Nonlinear optical properties of TeO$_2$ crystalline phases from first principles

TL;DR

This study uses first-principles calculations to analyze the nonlinear optical susceptibilities of two crystalline tellurium oxide phases, revealing significantly larger third-order susceptibilities than silica and linking structural features to optical properties.

Contribution

It provides the first computational analysis of nonlinear optical susceptibilities in crystalline TeO₂ phases, highlighting the role of structure and lone pairs in optical responses.

Findings

Third-order susceptibilities are two orders of magnitude larger than in α-SiO₂.

Electronic lone pairs of Te contribute significantly to large susceptibilities.

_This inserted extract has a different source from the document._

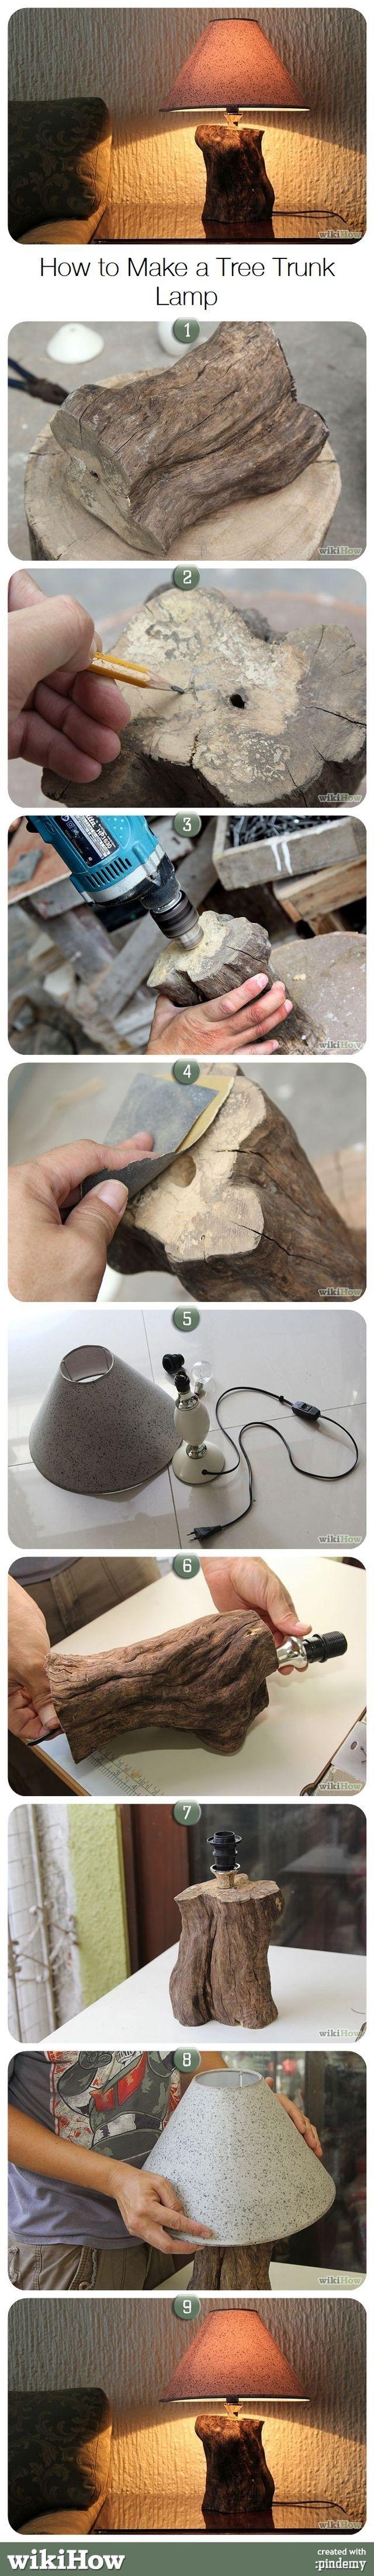 Driftwood lamp 11 diy s guide patterns - Como Hacer Una Lampara De Madera

Structural features like helical chains influence anisotropy of susceptibilities.

Abstract

We have computed second and third nonlinear optical susceptibilities of two crystalline bulk tellurium oxide polymorphs: $\alpha$-TeO$_{2}$ (the most stable crystalline bulk phase) and $\gamma$-TeO$_{2}$ (the crystalline phase that ressembles the more to the glass phase. Third order nonlinear susceptibilities of the crystalline phases are two orders of magnitude larger than $\alpha$-SiO$_{2}$ cristoballite, thus extending the experimental observations on glasses to the case of crystalline compounds. While the electronic lone pairs of Te contribute to those large values, a full explanation of the anisotropy of the third order susceptibility tensor requires a detailed analysis of the structure, in particular the presence of helical chains, that seems to be linked to cooperative non-local polarizabilty effects. Our results demonstrate that first-principles simulations are a powerful predictive tool to estimate nonlinear optical susceptibilitites of materials.